Data shown:

____

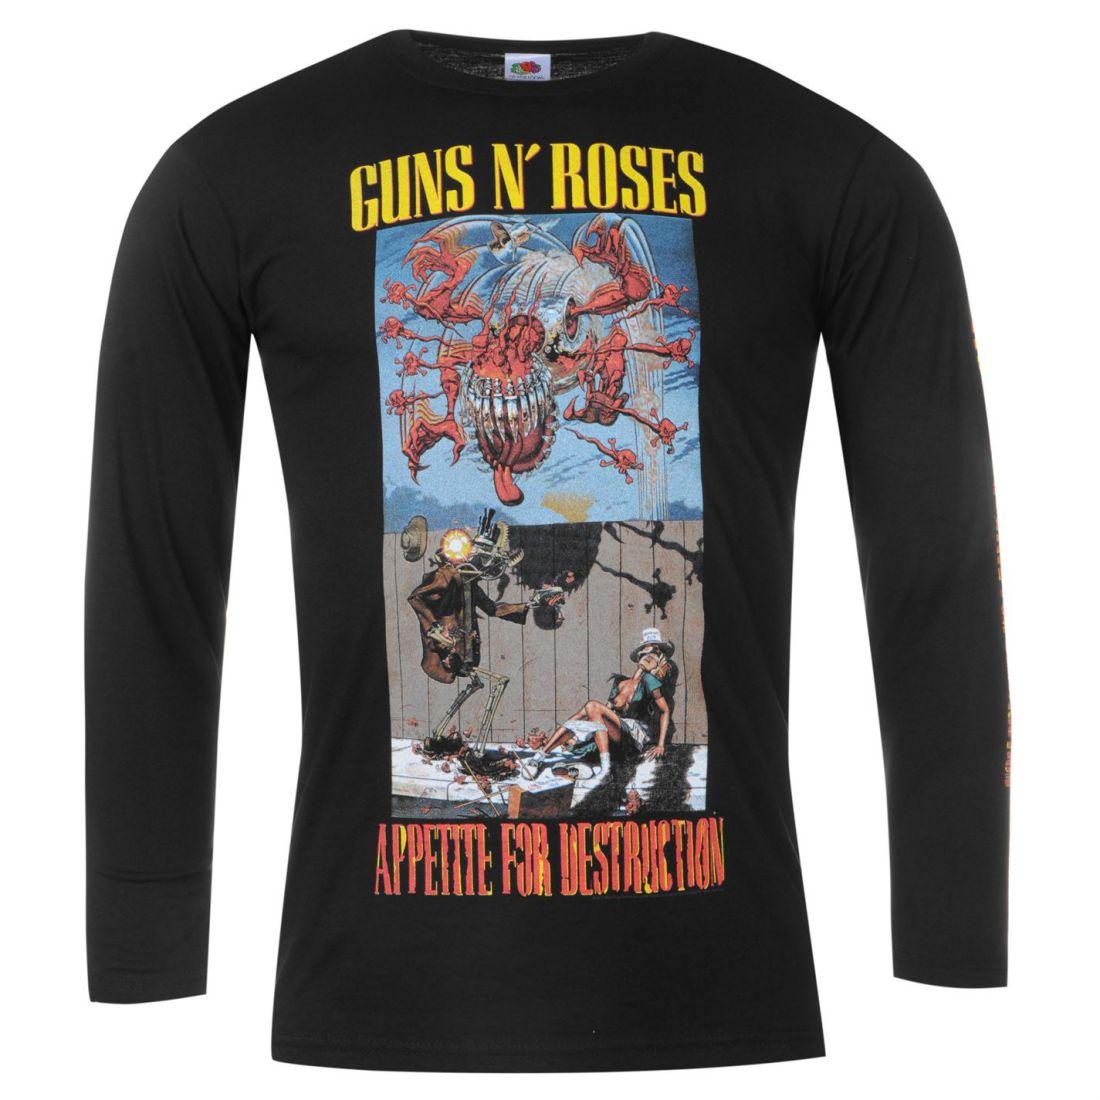 Guns N Roses Shirts : official guns n roses full length sleeve t shirt mens gents tee top crew neck ebay ~ Russianpoet.info Haus und Dekorationen
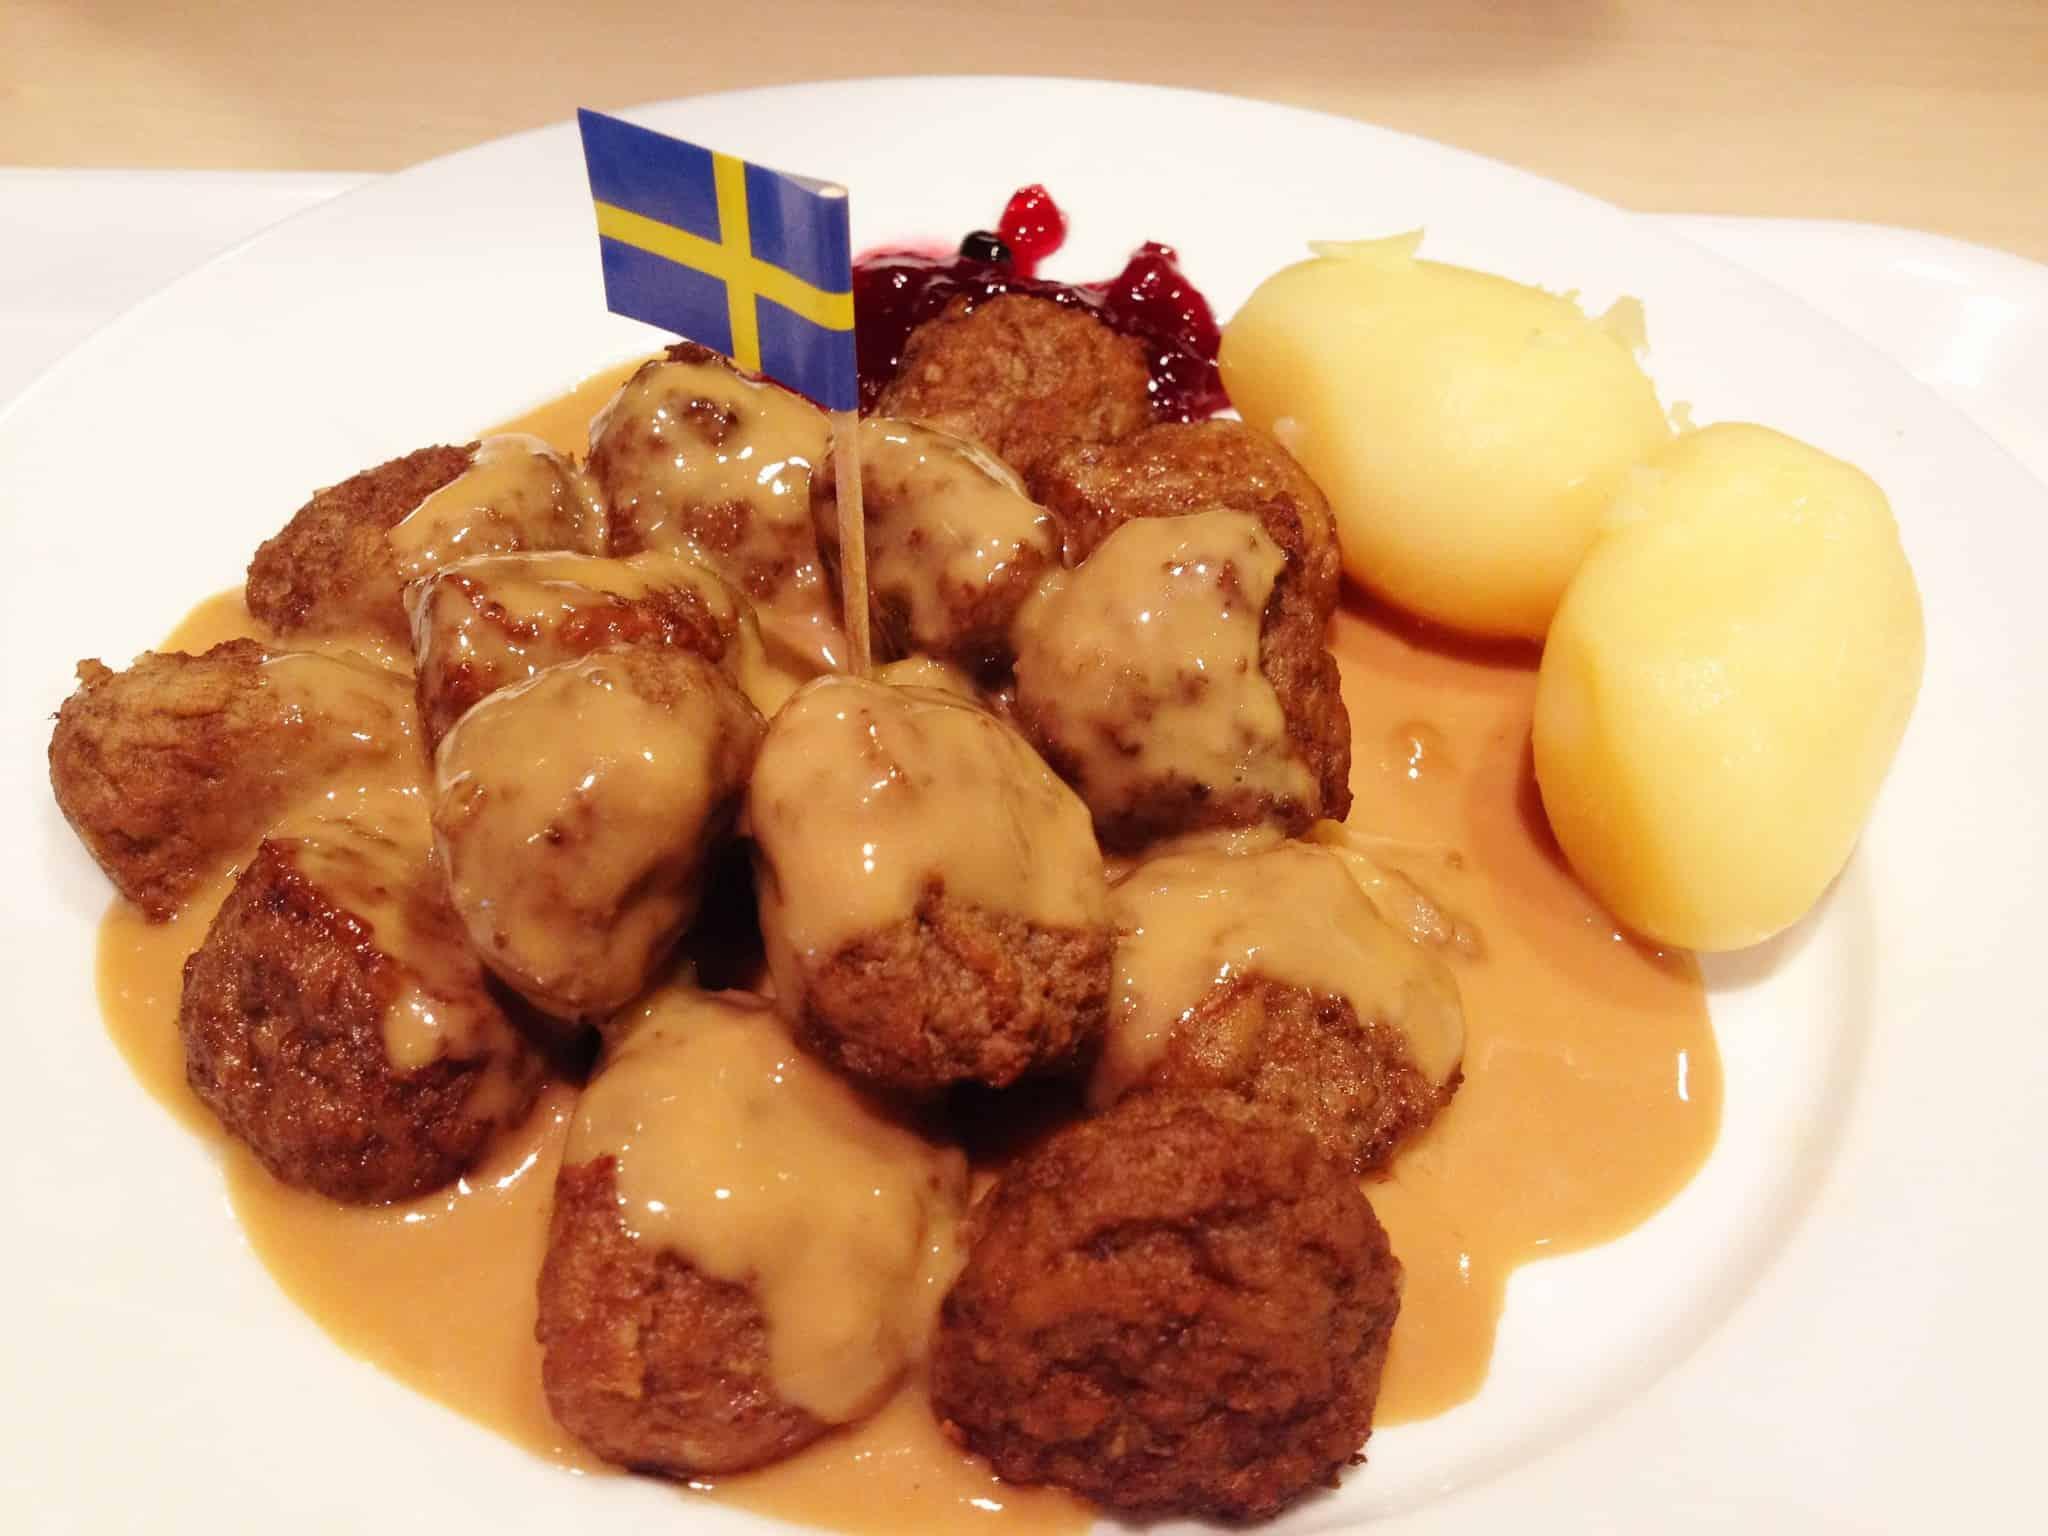 IKEA's Swedish meatballs | Photo: © Karl Baron / Flickr fast food
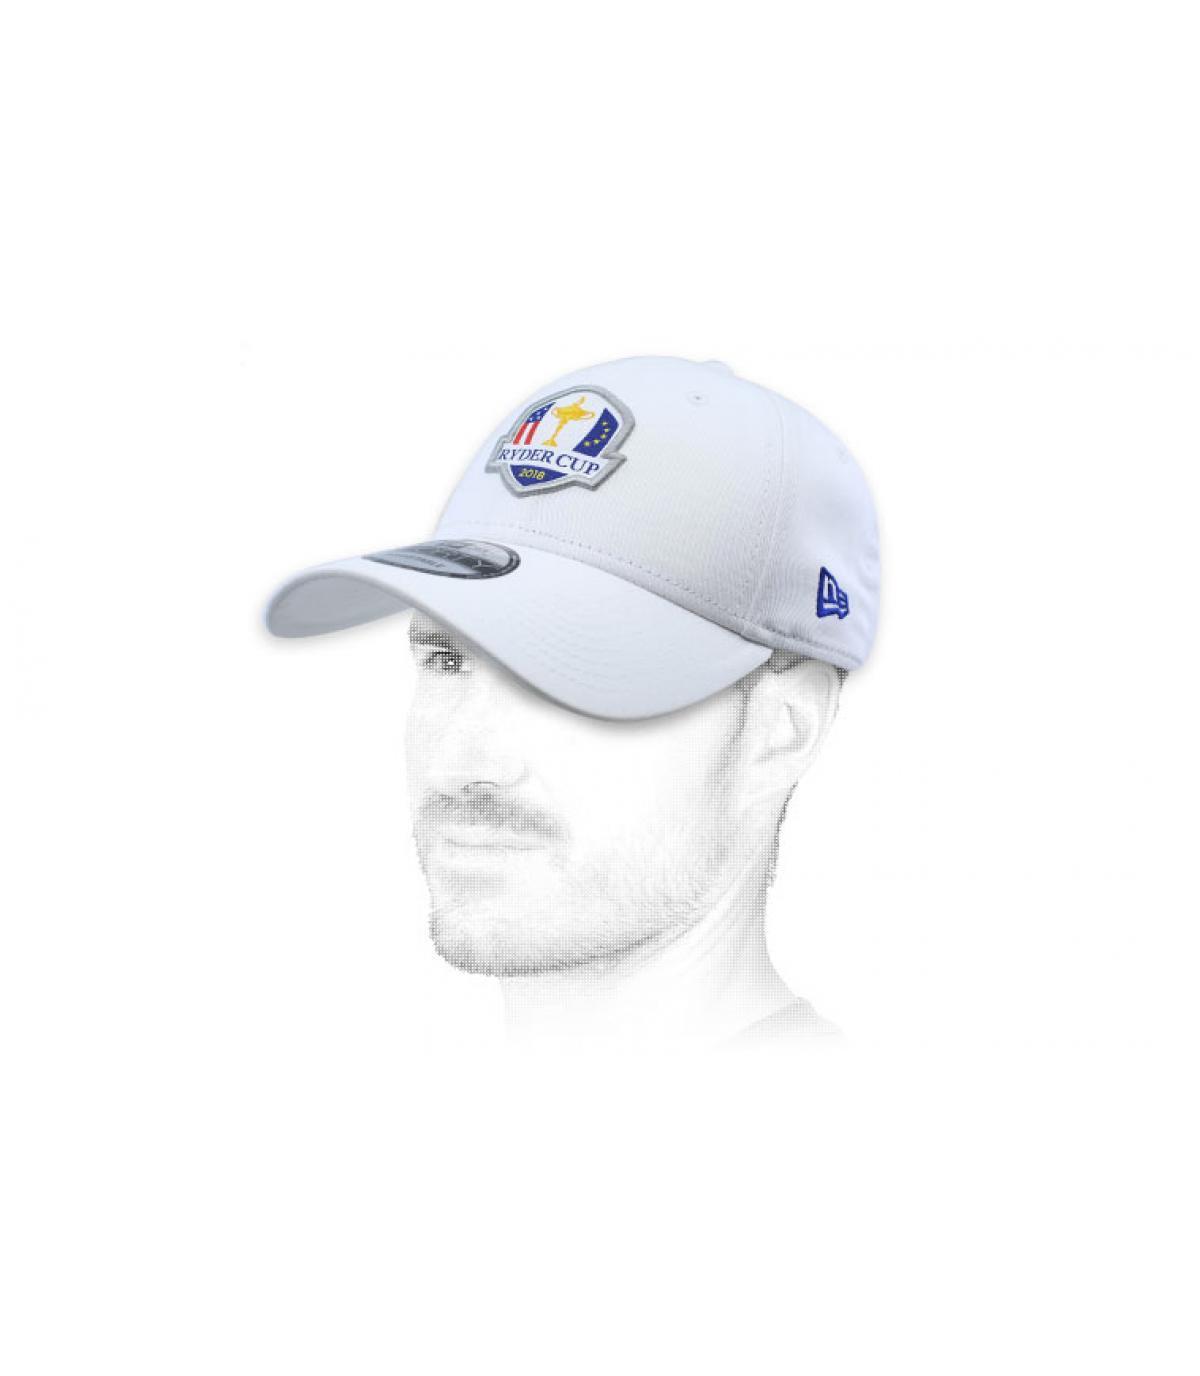 white Ryder Cup golf cap
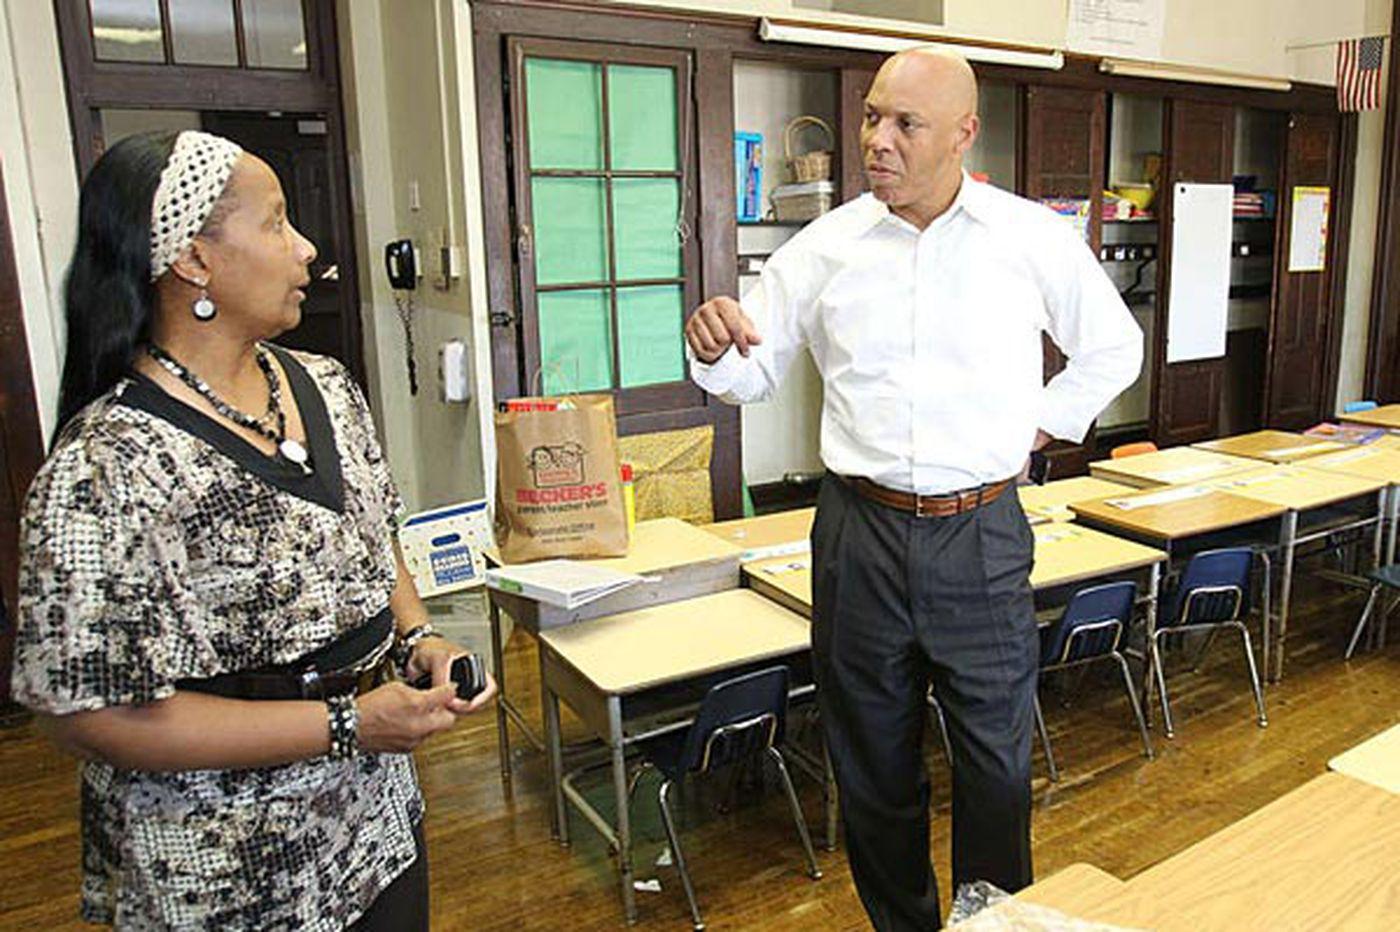 Gov. Corbett releases funding for city schools

____

Brief: Transcribe the listing above in full. Pictures are not part of the copy.

Written solution:
 Guns N Roses Shirts : official guns n roses full length sleeve t shirt mens gents tee top crew neck ebay ~ Russianpoet.info Haus und Dekorationen
 IKEA's Swedish meatballs | Photo: © Karl Baron / Flickr fast food
 white Ryder Cup golf cap
 Gov. Corbett releases funding for city schools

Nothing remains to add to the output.